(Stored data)
BEGIN

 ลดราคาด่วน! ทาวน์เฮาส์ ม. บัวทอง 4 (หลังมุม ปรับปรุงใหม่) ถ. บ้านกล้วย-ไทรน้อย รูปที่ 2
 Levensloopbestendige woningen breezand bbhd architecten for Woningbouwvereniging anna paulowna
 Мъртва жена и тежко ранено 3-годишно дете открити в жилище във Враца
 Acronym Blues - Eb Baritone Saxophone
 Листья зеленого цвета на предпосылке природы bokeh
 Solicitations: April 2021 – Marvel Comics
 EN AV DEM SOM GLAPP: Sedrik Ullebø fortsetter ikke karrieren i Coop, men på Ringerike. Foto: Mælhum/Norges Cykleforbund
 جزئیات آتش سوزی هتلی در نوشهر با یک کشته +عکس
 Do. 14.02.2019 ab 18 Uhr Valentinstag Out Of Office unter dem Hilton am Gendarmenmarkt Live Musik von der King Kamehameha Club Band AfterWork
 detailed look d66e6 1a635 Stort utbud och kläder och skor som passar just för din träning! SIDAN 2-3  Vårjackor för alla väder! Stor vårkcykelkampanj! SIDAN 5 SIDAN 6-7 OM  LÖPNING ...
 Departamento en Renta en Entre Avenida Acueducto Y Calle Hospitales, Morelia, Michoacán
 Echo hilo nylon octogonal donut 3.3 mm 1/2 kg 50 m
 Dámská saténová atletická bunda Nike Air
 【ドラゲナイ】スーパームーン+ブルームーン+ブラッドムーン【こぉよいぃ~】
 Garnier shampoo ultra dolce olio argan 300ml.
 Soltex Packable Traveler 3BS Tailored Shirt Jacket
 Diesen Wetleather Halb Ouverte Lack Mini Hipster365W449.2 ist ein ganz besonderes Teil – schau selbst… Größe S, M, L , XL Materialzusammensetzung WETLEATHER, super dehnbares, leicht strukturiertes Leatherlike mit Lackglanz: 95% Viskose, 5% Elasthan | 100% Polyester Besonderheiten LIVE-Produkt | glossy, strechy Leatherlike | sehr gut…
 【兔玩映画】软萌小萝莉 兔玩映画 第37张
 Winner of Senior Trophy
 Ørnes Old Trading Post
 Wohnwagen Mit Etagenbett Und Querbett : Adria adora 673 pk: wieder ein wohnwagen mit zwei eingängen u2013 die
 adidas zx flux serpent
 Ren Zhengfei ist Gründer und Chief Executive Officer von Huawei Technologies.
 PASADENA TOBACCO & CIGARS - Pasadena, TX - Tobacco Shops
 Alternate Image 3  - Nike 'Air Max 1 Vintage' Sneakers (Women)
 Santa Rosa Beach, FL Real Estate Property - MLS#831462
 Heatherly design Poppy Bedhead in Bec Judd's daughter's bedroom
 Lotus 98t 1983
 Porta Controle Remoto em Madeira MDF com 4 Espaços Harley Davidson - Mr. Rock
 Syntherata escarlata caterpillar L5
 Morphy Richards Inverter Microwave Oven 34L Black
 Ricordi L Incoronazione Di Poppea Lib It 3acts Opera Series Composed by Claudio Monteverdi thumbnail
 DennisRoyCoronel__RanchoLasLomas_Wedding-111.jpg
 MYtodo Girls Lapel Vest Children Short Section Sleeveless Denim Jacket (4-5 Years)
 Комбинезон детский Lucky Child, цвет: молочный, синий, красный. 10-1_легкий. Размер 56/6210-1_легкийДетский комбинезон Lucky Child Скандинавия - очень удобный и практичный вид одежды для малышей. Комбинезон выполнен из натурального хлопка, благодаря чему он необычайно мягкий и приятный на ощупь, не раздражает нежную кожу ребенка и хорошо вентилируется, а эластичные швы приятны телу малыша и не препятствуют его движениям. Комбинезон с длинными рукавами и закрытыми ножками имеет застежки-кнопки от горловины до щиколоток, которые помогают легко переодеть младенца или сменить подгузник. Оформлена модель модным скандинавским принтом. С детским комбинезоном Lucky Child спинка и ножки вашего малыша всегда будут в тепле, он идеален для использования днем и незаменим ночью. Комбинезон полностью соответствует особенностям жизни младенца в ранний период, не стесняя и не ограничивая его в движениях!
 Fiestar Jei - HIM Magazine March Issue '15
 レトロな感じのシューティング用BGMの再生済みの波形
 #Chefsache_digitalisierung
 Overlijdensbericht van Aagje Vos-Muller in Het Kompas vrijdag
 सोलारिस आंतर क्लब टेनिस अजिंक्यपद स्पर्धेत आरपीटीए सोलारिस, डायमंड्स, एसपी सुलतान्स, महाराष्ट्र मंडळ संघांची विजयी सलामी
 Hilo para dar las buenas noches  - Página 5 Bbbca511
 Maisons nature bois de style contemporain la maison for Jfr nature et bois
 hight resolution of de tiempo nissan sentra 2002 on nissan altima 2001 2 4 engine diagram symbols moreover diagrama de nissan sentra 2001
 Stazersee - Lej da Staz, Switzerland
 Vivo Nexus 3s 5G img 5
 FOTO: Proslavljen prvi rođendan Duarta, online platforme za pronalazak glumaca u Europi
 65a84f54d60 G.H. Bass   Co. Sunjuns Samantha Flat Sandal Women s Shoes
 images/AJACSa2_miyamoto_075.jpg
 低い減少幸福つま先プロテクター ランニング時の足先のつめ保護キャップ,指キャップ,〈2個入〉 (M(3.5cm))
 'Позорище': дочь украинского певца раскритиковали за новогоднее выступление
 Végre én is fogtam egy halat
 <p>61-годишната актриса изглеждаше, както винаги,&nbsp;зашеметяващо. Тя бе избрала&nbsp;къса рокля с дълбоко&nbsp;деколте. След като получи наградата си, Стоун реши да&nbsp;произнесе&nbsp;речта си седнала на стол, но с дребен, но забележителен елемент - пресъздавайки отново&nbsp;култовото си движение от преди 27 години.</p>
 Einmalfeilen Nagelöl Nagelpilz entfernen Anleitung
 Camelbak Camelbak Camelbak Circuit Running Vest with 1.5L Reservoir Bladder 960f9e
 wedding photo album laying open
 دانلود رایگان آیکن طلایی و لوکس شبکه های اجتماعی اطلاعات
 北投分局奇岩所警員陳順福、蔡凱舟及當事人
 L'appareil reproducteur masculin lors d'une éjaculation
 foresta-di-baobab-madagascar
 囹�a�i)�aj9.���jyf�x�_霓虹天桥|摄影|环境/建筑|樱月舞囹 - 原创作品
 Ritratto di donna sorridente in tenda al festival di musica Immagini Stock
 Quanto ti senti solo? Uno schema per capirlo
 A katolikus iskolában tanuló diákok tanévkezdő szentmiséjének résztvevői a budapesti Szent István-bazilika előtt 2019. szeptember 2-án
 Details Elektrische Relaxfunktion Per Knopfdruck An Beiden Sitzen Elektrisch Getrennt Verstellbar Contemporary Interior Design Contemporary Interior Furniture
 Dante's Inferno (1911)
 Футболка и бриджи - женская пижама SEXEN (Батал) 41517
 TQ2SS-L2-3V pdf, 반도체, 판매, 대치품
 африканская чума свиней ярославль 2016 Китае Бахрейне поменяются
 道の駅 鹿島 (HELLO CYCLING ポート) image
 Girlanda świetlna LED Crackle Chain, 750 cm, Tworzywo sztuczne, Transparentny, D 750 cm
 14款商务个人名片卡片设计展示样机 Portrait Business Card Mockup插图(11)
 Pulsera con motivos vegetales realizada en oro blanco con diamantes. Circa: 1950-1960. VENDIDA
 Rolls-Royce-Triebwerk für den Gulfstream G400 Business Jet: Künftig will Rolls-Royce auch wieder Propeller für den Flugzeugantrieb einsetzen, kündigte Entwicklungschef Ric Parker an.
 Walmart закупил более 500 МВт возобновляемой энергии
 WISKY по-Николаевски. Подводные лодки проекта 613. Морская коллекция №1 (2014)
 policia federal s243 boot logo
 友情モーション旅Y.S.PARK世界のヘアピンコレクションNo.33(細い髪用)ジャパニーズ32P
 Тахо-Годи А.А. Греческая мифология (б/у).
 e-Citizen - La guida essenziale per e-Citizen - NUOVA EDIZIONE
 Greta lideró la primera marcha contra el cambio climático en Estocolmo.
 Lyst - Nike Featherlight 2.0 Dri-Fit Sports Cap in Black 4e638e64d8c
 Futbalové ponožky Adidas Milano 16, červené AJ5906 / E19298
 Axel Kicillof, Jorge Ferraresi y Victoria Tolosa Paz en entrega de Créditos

END

**TASK GOAL**
Return, unchanged, the run of lines above that opens with the line containing "Einmalfeilen Nagelöl Nagelpilz" and closes with the line containing "Details Elektrische Relaxfunktion". Include both.

**EXERCISE OUTPUT**
 Einmalfeilen Nagelöl Nagelpilz entfernen Anleitung
 Camelbak Camelbak Camelbak Circuit Running Vest with 1.5L Reservoir Bladder 960f9e
 wedding photo album laying open
 دانلود رایگان آیکن طلایی و لوکس شبکه های اجتماعی اطلاعات
 北投分局奇岩所警員陳順福、蔡凱舟及當事人
 L'appareil reproducteur masculin lors d'une éjaculation
 foresta-di-baobab-madagascar
 囹�a�i)�aj9.���jyf�x�_霓虹天桥|摄影|环境/建筑|樱月舞囹 - 原创作品
 Ritratto di donna sorridente in tenda al festival di musica Immagini Stock
 Quanto ti senti solo? Uno schema per capirlo
 A katolikus iskolában tanuló diákok tanévkezdő szentmiséjének résztvevői a budapesti Szent István-bazilika előtt 2019. szeptember 2-án
 Details Elektrische Relaxfunktion Per Knopfdruck An Beiden Sitzen Elektrisch Getrennt Verstellbar Contemporary Interior Design Contemporary Interior Furniture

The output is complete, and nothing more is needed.